# Your Turn #8
# Input data
crimes <- c(328, 334, 372, 327)
# Get expectation
sum(crimes)/4
expected <- c(rep(340.25, 4))
# Calculate chi-square
chi <- (crimes - expected)^2 / expected
chi2 <- sum(chi)
# Get p-value
help(pchisq)
pchisq(chi2, df=3, lower.tail=FALSE)
library(mosaic)
xpchisq(chi2, df=3)
## Run chi-square test
probs <- c(1/4, 1/4, 1/4, 1/4)
chisq.test(crimes, p = probs, rescale.p=TRUE)
# Randomization-based
chisq.test(crimes, p = probs, rescale.p=TRUE, simulate.p.value = TRUE, B=5000)
# Why significant?
chi
# more in 3rd season
probabilities <- crimes/sum(crimes)
probabilities
probabilities[3]/probabilities[1]
# 13% more likely in 3rd season
# What happens to the p-value with smaller sample size?
crimesmall <- crimes/10
chisq.test(crimesmall, p = probs, rescale.p=TRUE)
# What???
##################################################################
### Test for normality
diet <- read.csv("http://www.bradthiessen.com/html5/data/diet.csv")
weight <- diet$WeightLoss
histogram(~weight, col="lightblue", border="white", width=3)
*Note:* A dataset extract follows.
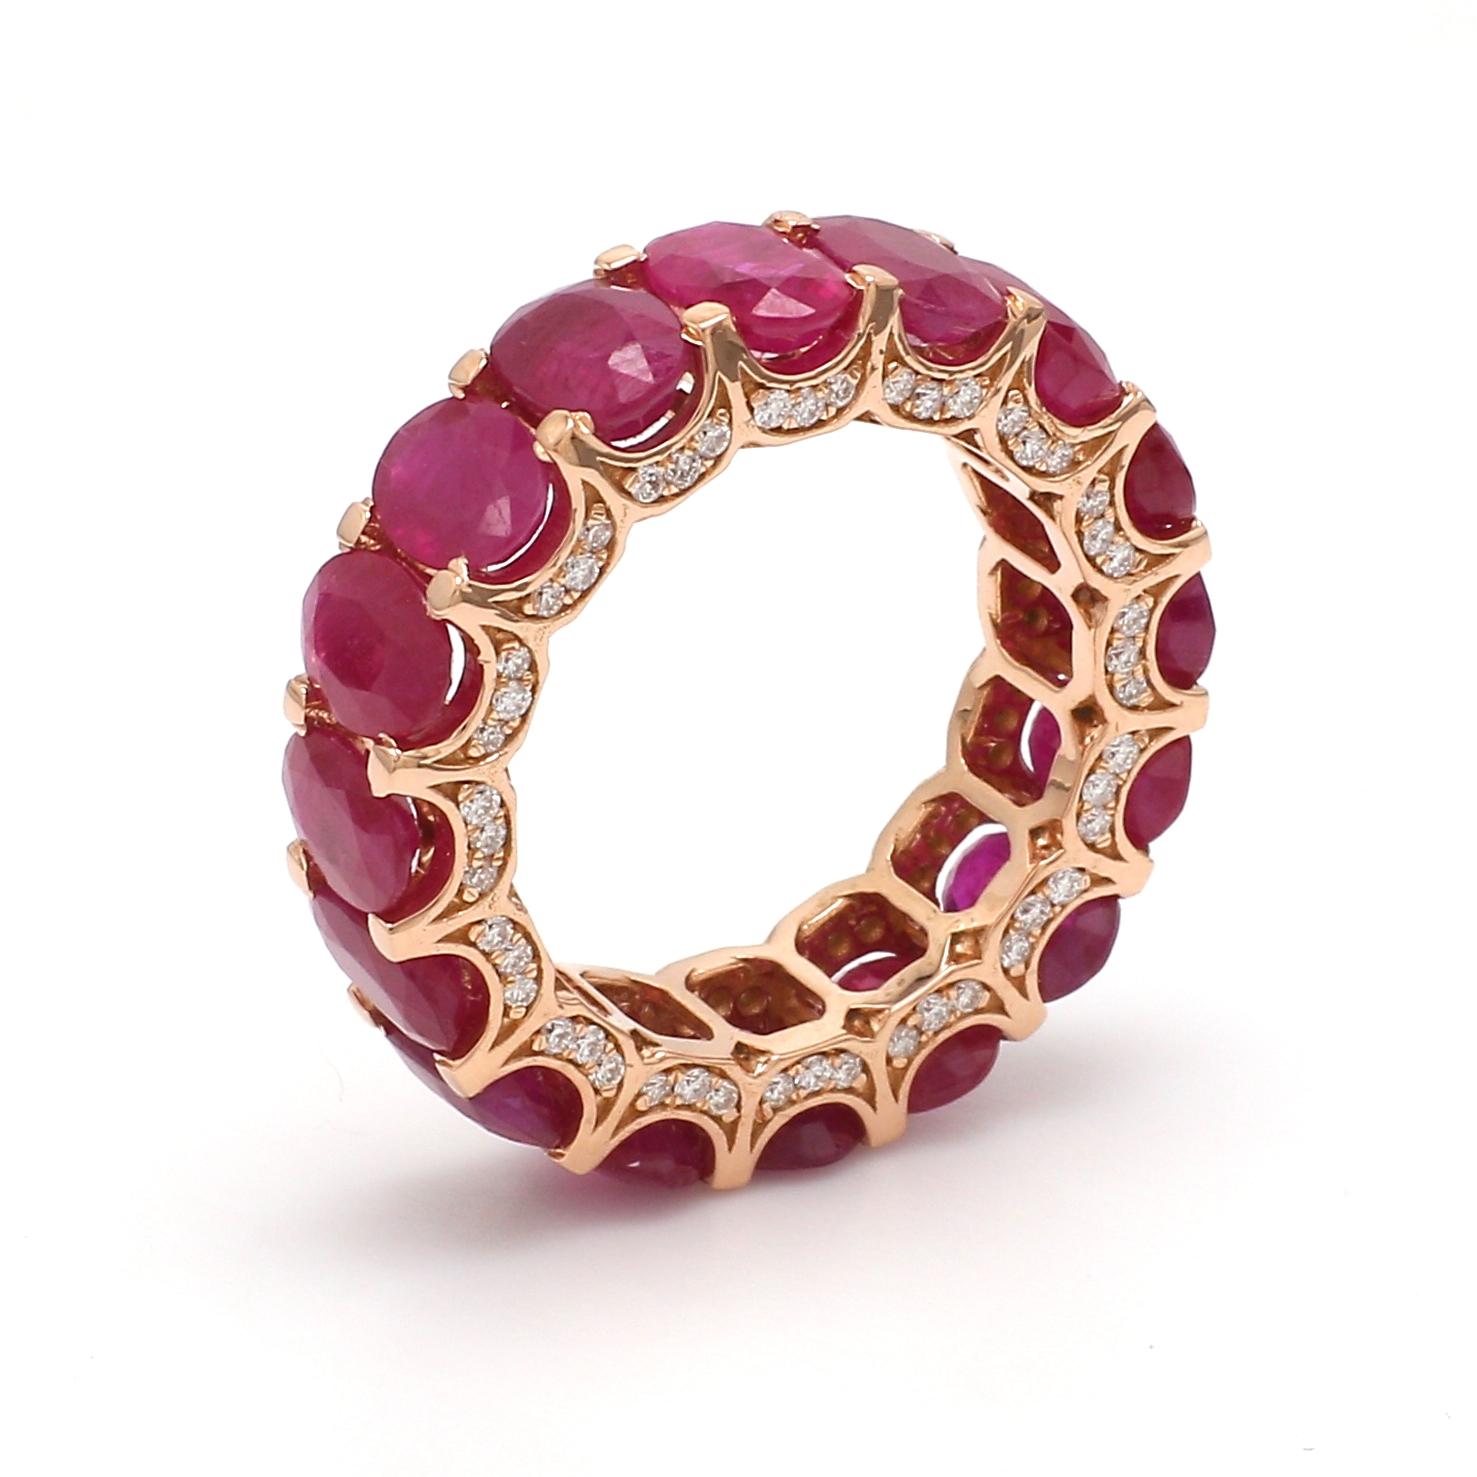 For Sale:  Natural Oval Ruby Gemstone Band Ring Diamond Pave 18k Rose Gold Fine Jewelry 2

densityplot(~weight, lw=5)
qqnorm(weight, col="darkorchid", cex=1.1, pch=16); qqline(weight, col="darkcyan", lw=3)
shapiro.test(weight)
# Cut data into 6 bins
cuts <- cut(weight, breaks = c(-Inf, -4, 0, 4, 8, 12, Inf), labels=c("gained 4+ lbs", "gained 0-4 lbs ", "lost 0-4 lbs", "lost 4-8 lbs", "lost 8-12 lbs", "lost 12+ lbs"))
tally(~cuts, margins=TRUE)
# Calculate normal probabilities
# Weights ~ normal(mean, sd)
p1 <- pnorm(-4, mean=mean(weight), sd=sd(weight), lower.tail = TRUE) #P(x < -4)
p2 <- pnorm(0, mean=mean(weight), sd=sd(weight))-pnorm(-4, mean=mean(weight), sd=sd(weight))
p3 <- pnorm(4, mean=mean(weight), sd=sd(weight))-pnorm(0, mean=mean(weight), sd=sd(weight))
p4 <- pnorm(8, mean=mean(weight), sd=sd(weight))-pnorm(4, mean=mean(weight), sd=sd(weight))
p5 <- pnorm(12, mean=mean(weight), sd=sd(weight))-pnorm(8, mean=mean(weight), sd=sd(weight))
p6 <- pnorm(12, mean=mean(weight), sd=sd(weight), lower.tail = FALSE) #P(X > 12)
p1+p2+p3+p4+p5+p6
# Store all the probabilities as "probs"
probs <- c(p1, p2, p3, p4, p5, p6)
# I'll store those frequencies in a vector called "weightbins"
# This code does it automatically
weightbins <- c(length(cuts[cuts=="gained 4+ lbs"]),
length(cuts[cuts=="gained 0-4 lbs"]),
length(cuts[cuts=="lost 0-4 lbs"]),
length(cuts[cuts=="lost 4-8 lbs"]),
length(cuts[cuts=="lost 8-12 lbs"]),
length(cuts[cuts=="lost 12+ lbs"]))
# Now I run the chi-squared test
chisq.test(weightbins, p = probs)
# Next with randomization-based methods
chisq.test(weightbins, p = probs, simulate.p.value = TRUE, B=5000)
##################################################################
### Independence test
pain <- c(rep("reduced", 184), rep("not", 203),
rep("reduced", 171), rep("not", 216),
rep("reduced", 106), rep("not", 282))
treatment <- c(rep("verum", 387),
rep("sham", 387),
rep("traditional", 388))
acupuncture <- data.frame(treatment, pain)
tally(pain ~ treatment, data=acupuncture, margins=TRUE)
chisq.test(acupuncture$treatment, acupuncture$pain, correct=FALSE)
preducedsham = 171/387
preducedtraditional = 282/388
preducedverum = 203/387
preducedtraditional/preducedsham
##################################################################
### Race
race <- c(rep("white", 151),
rep("black", 63))
death <- c(rep("yes", 19), rep("no", 132),
rep("yes", 11), rep("no", 52))
deathpenalty <- data.frame(race, death)
tally(death ~ race, data=deathpenalty, margins=TRUE)
# P(11 or more black death | race has no impact)
help(phyper)
1 - phyper(10, 63, 151, 30, lower.tail=TRUE)
fisher.test(deathpenalty$race, deathpenalty$death, alternative="less")
chisq.test(deathpenalty$race, deathpenalty$death, correct=FALSE)